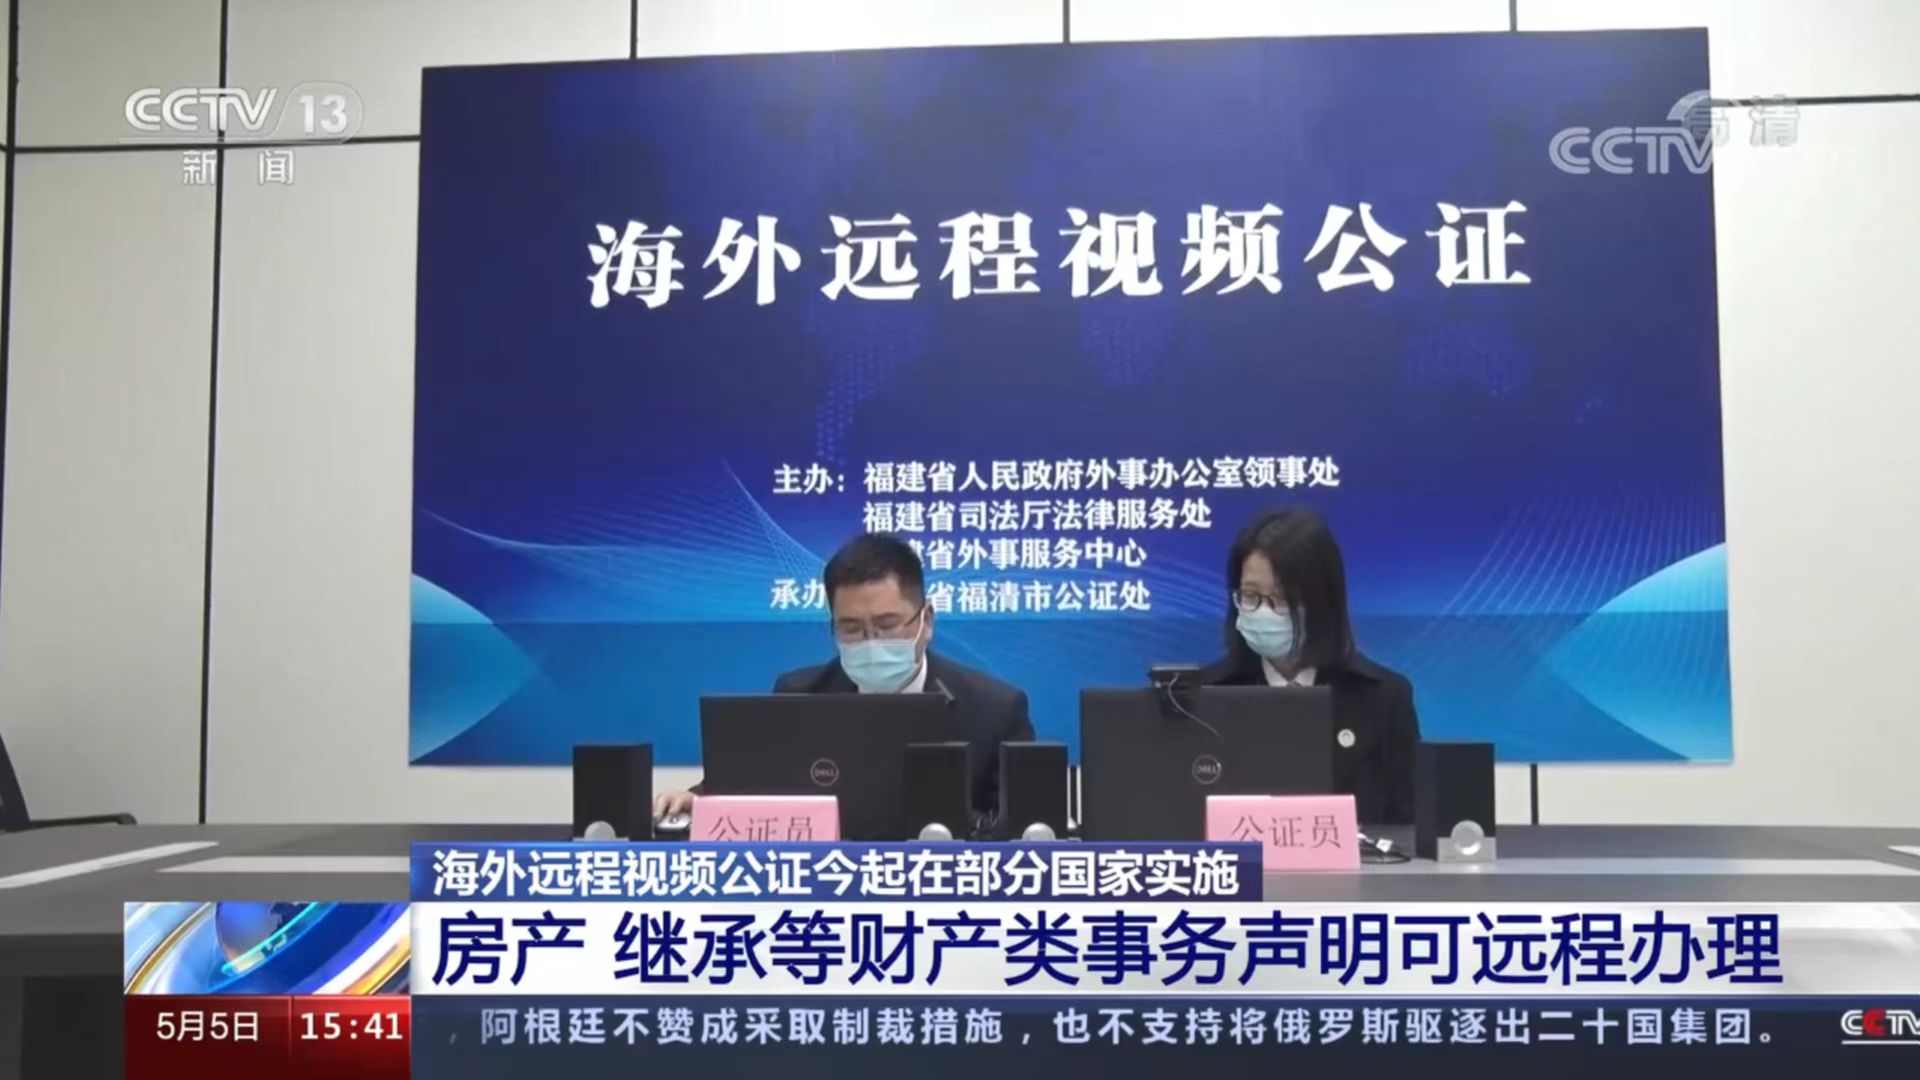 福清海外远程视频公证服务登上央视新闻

######

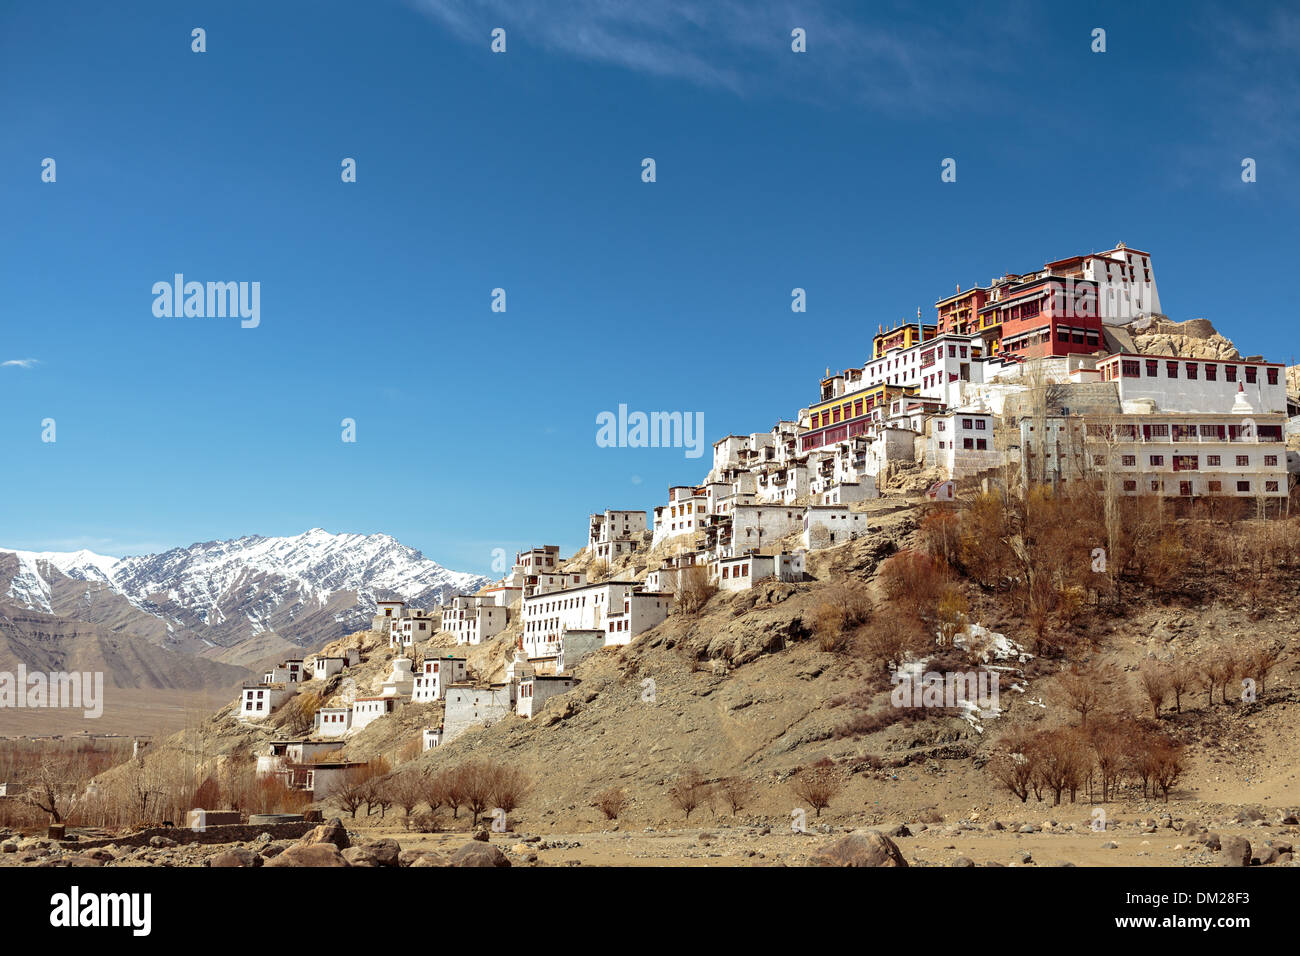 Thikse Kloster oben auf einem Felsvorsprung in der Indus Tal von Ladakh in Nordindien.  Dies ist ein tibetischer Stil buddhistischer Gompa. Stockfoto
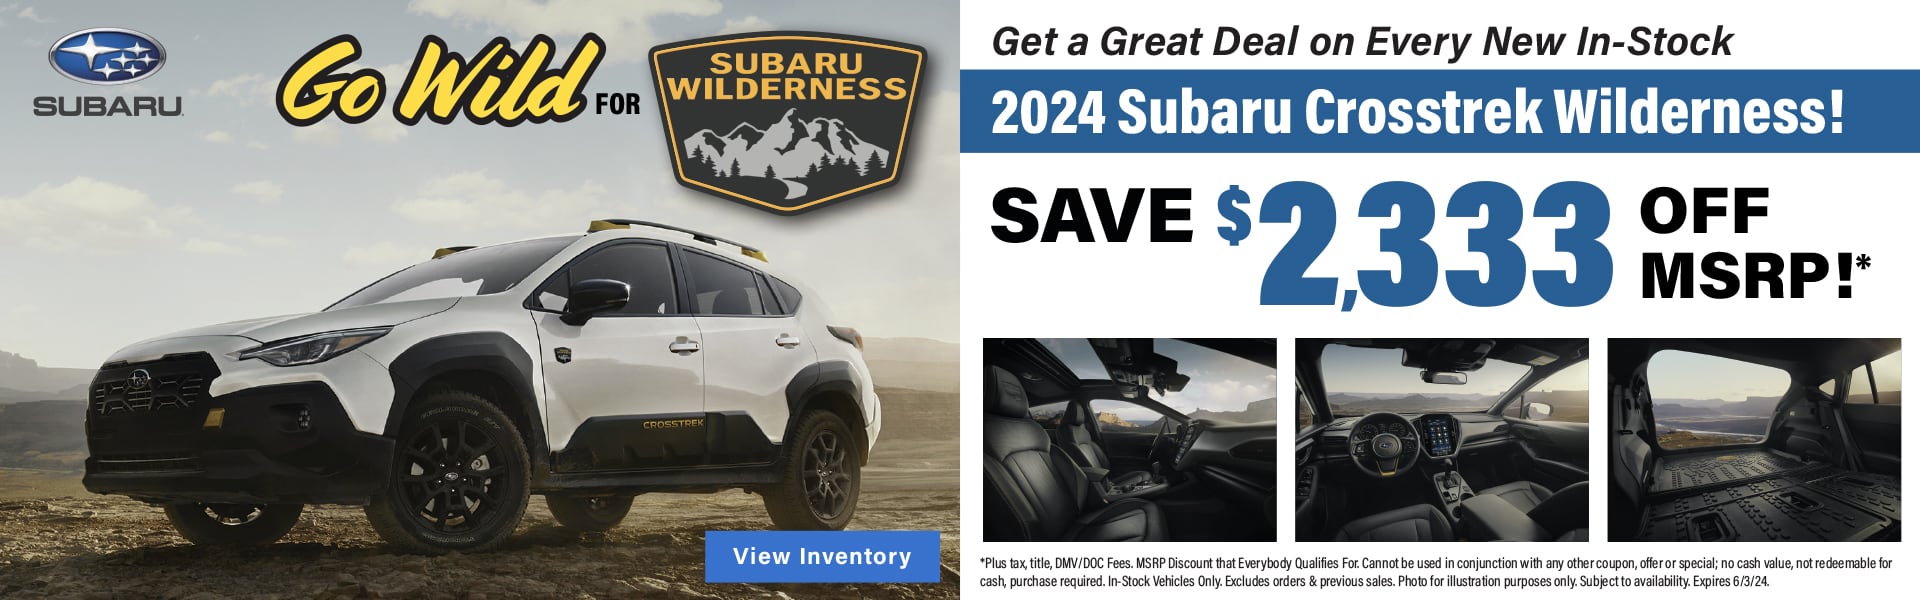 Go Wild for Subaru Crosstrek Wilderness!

######

▶ **Exercise brief**
In the listing above, find the line with "Thikse Kloster oben" and the line with "Go Wild for Subaru Crosstrek Wilderness!". Copy exactly those lines and all between them, minus the images.

▶ **Task response**
 Thikse Kloster oben auf einem Felsvorsprung in der Indus Tal von Ladakh in Nordindien.  Dies ist ein tibetischer Stil buddhistischer Gompa. Stockfoto
 Go Wild for Subaru Crosstrek Wilderness!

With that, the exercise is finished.